Figure 25a, Figure 26a and Figure 27a highlight that hydrogen solubility in Ta-based membranes calculated shows exactly an opposite trend than the one reported in Figure 25b, Figure 26b and Figure 27b, for the same reasons reported in Section 6.2. Moreover, it is clear that pure tantalum membranes show the highest hydrogen solubility (tangent method) compared to the alloyed ones.

6.5. Amorphous-Alloys Membranes

In the following figures, hydrogen solubility in amorphous alloys is represented against the square root of hydrogen partial pressure for different alloys compositions and temperatures.

Figure 28a,b allows to understand that if solubility is calculated with tangent method, tantalum addition favours solubility, differently from what observed when calculating the solubility by secant method.

In Figure 29a it is possible to notice an opposite behaviour of hydrogen solubility with temperature than the one showed in Figure 29b. However, both the figures point out that, at high pressure, solubility is almost independent of temperature. This can indicate that non-activated processes control the hydrogen dissolution in the metal lattice like, for example, morphology modifications due to high pressure.

An increasing amount of Zr in the amorphous alloyed membranes disfavours hydrogen solubility. The presented data do not make it possible to analyse the effect of boron. This is due to the fact that the value of solubility for the B-containing alloy is available at a different temperature and, thus, is the combination of both temperature and composition effect (Figure 30).

6.6. Liquid-Gallium Membranes

This section contain data about hydrogen solubility in liquid gallium. In this case it was calculated only by secant method, because there is not a solid structure to take into account. Figure 31 shows that hydrogen solubility, in liquid gallium membranes, decreases as temperature increases.

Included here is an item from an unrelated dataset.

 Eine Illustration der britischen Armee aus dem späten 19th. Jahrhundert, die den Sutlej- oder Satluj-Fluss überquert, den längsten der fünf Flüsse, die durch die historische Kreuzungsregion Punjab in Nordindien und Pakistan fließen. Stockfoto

Among all the materials investigated, the ternary alloy Nb-Ti-Co appears to exhibit the most favou able behaviour in terms of differential solubility under the tested operating conditions. However, solubility alone is not sufficient to determine the most suitable alloy for metal membrane fabrication. Furthermore, the choice of alloy should ultimately be guided by the specific requirements of the intended application.

7. Conclusions

This work was devoted to a comprehensive analysis of hydrogen solubility in the most common metal-alloys membranes: palladium-based, vanadium-based, niobium-based, tantalum-based, amorphous alloys and liquid gallium, highlighting advantages and disadvantages of each material. In particular, we started from the consideration that solubility in the literature is defined—and, thus, calculated—by two different ways, here referring to as: (i) “secant method”, consisting in calculating the solubility as the hydrogen pressure corresponding to a certain sorbed hydrogen loading, and (ii) “tangent method”, based on which differential solubility is evaluated as the derivative of the sorption isotherm in each point of the curve.

Subsequently, a number of experimental data were collected for several metal alloys, reprocessing them to evaluate the two types of solubilities. This enabled comparing and analysing the behaviour of the material investigated under different conditions of temperature, pressure and alloy composition.

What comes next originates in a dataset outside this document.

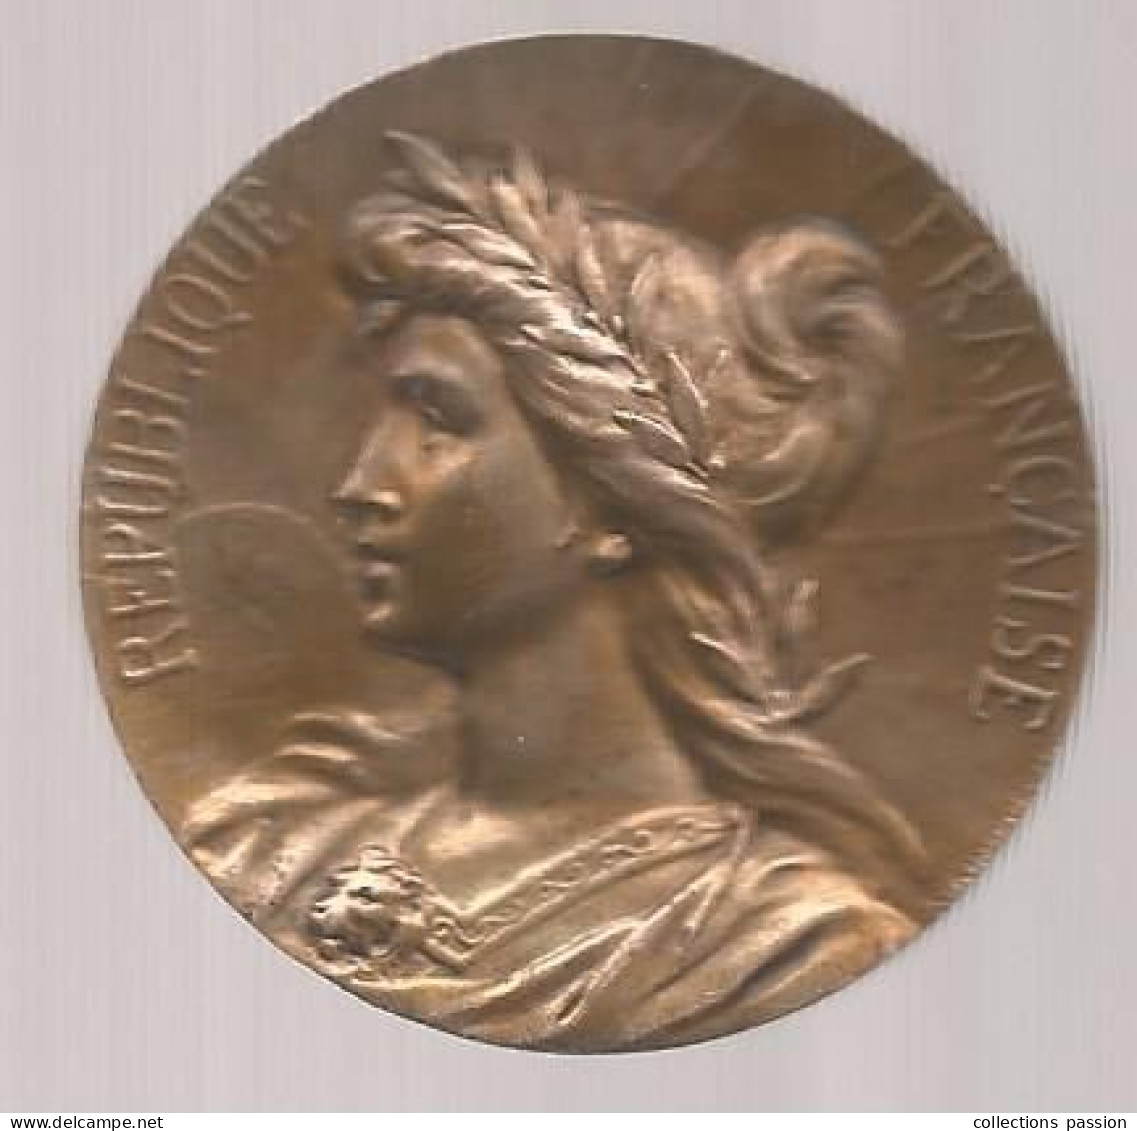 Médaille, Comice Agricole De L'arrondissement De CHINON, Indre Et Loire, Graveur: S. KINSBURGER, 50 Gr., Frais Fr 3.35 E - Professionals/Firms

The re-elaboration presented in this study helps identify the most suitable materials and membranes for hydrogen separation or storage, as well as helps recognise the maximum degree of embrittlement due to hydrogen content in the metal lattice.

Finally, the recent research has proven that promising membranes are represented by the “sandwich” one made of liquid gallium, which are not subjected to embrittlement and, at the same time, show higher performances.